Я мчусь домой за гитарой.
Я не столько играю, сколько позорюсь. Так холодно, что пальцы немеют, и я не попадаю по нужным струнам.
Площадь перед Эйфелевой башней кишит туристами. Прошло уже несколько часов, и все это время я старательно играла, не обращая внимания на голубей, на снег и на обилие конкурентов с гитарами. Уже почти шесть вечера, стемнело. Страшно хочется есть. В чехле валяется сколько-то жалких монет — может, пять евро наберется. Едва хватит на кусок хлеба с сыром.
Я доигрываю «All Apologies»[28], кладу гитару на землю и дышу на пальцы, но толку мало.
— Засунь под мышки.
Передо мной стоит парень в оранжевом комбинезоне. У его ног — сумка с инструментами. Он похож на серийного убийцу.
— Простите, что?
— Вот так, — говорит он и, скрестив руки на груди, засовывает пальцы под мышки. — Быстрее согреешься, чем если дышать на руки.
Я так и делаю. И убеждаюсь, что он прав.
— Неплохо играешь, — продолжает он. — Может, поджемим?
— На чем ты собрался джемить? На молотке?
Он поворачивается. У него за плечом оказывается футляр, по форме напоминающий мандолину.
Я пожимаю плечами.
— Ну давай.
Вдвоем может получиться лучше. Или хотя бы громче. В любом случае есть шанс хоть что-то заработать. Он настраивается, и мы начинаем играть «Pennyroyal Tea», а потом несколько вещей Эллиота Смита и «Нада Серф». Люди останавливаются послушать. Некоторые бросают деньги. Спустя час мы делим выручку пополам — получается по семь евро каждому.
— Кстати, меня зовут Жюль, — говорит парень. — Я вон там работаю, — он указывает пальцем. — В мебельной мастерской.

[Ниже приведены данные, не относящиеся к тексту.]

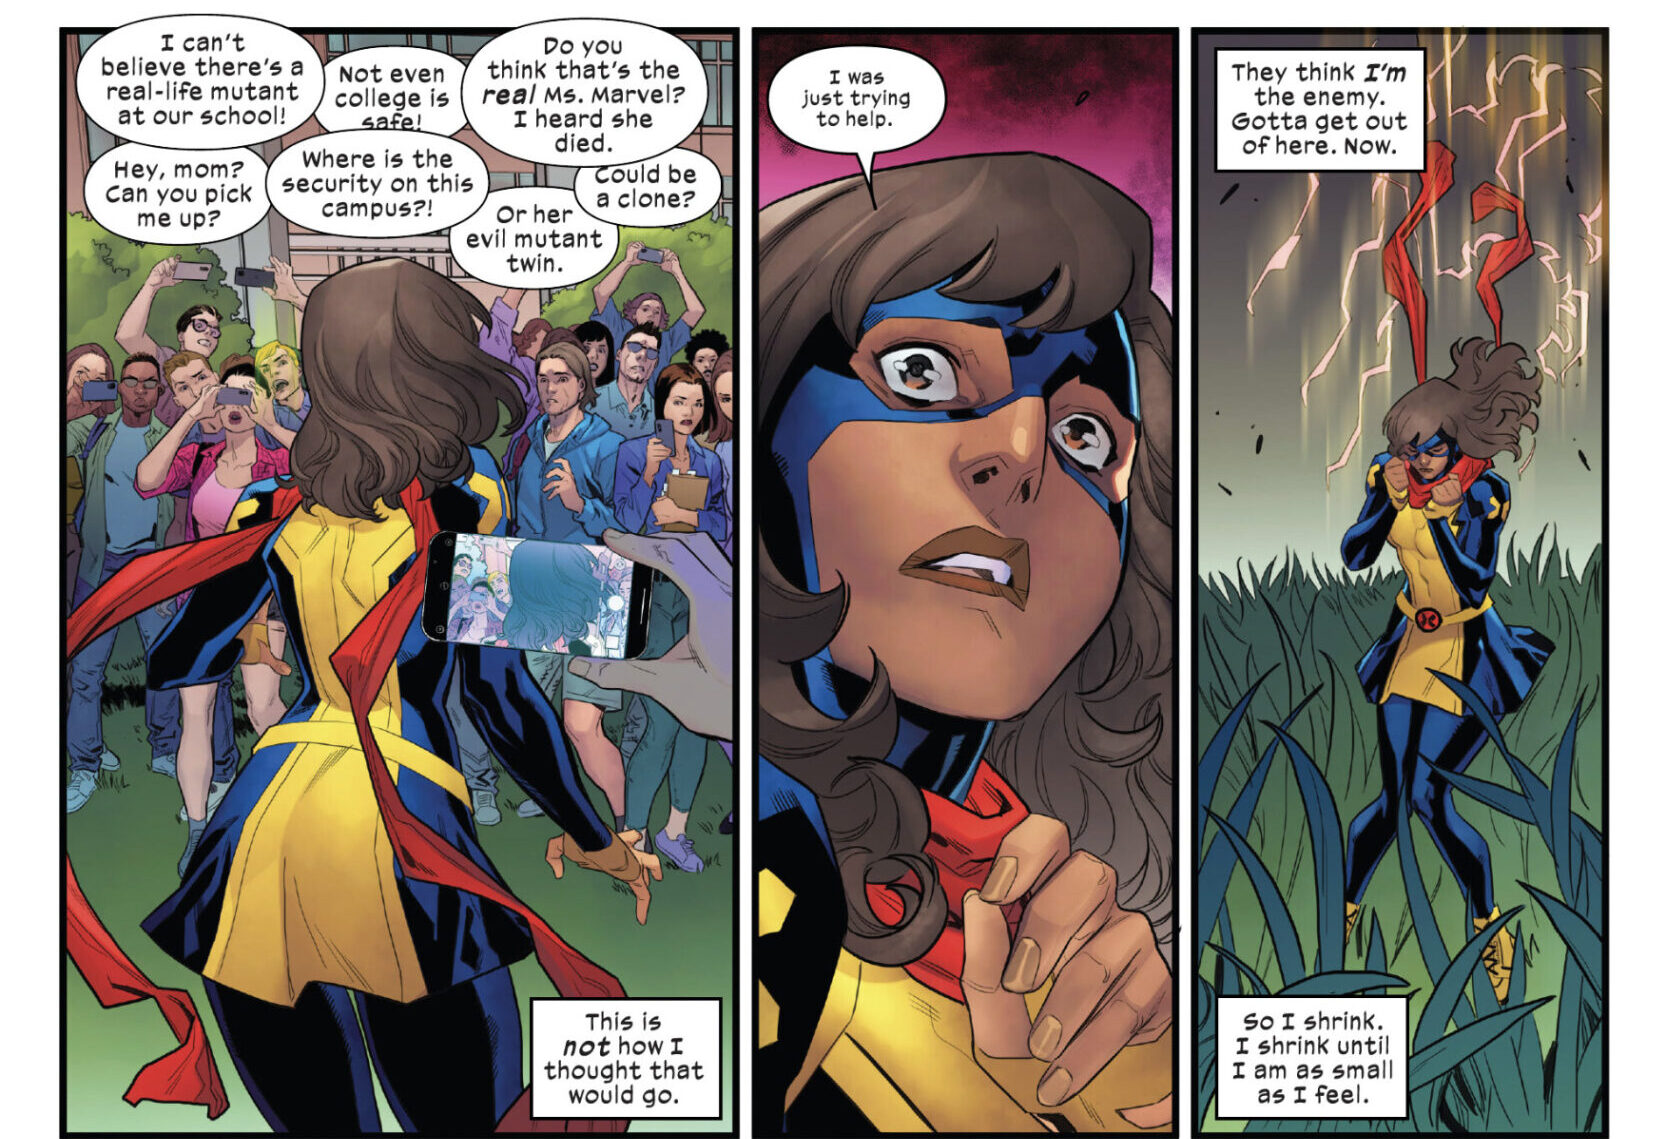 Kamala Khan comes face-to-face with humanity's fear of Mutants in Ms. Marvel: The New Mutant Vol. 1 #1 "The New Normal" (2023), Marvel Comics. Words by Iman Vellani and Sabir Pirzada, art by Carlos Gómez, Adam Gorham, Erick Arciniega, and Joe Caramagna.

Что ж, это хотя бы объясняет дурацкий комбинезон.
— Я Анди.
— Хочешь, пойдем к Реми? У него кафе на рю Оберкампф. Я там играю по средам и воскресеньям. Правда, пропустил тут пару недель, потому что один чувак из группы — как раз гитарист — взял и свалил. Уехал в Молдову за зубами.
— Это как?..
— Ну, он брату на свадьбу дал взаймы свои вставные зубы. Чтобы тот хорошо на фотках выглядел. Короче, добрый такой чувак. Брат должен был вернуть зубы после медового месяца, но пропал. Обещал выслать по почте — и тишина. И, в общем, этот чувак — его зовут Константин — поехал за ними сам. Вот. Ну что, пойдем? Можно на метро прокатиться. Реми нас накормит.
— Даже не знаю… — Я ужасно замерзла и ужасно хочу есть. С другой стороны, я впервые вижу этого парня, а он травит странные байки про чьи-то вставные зубы, и при этом у него из сумки торчит пила.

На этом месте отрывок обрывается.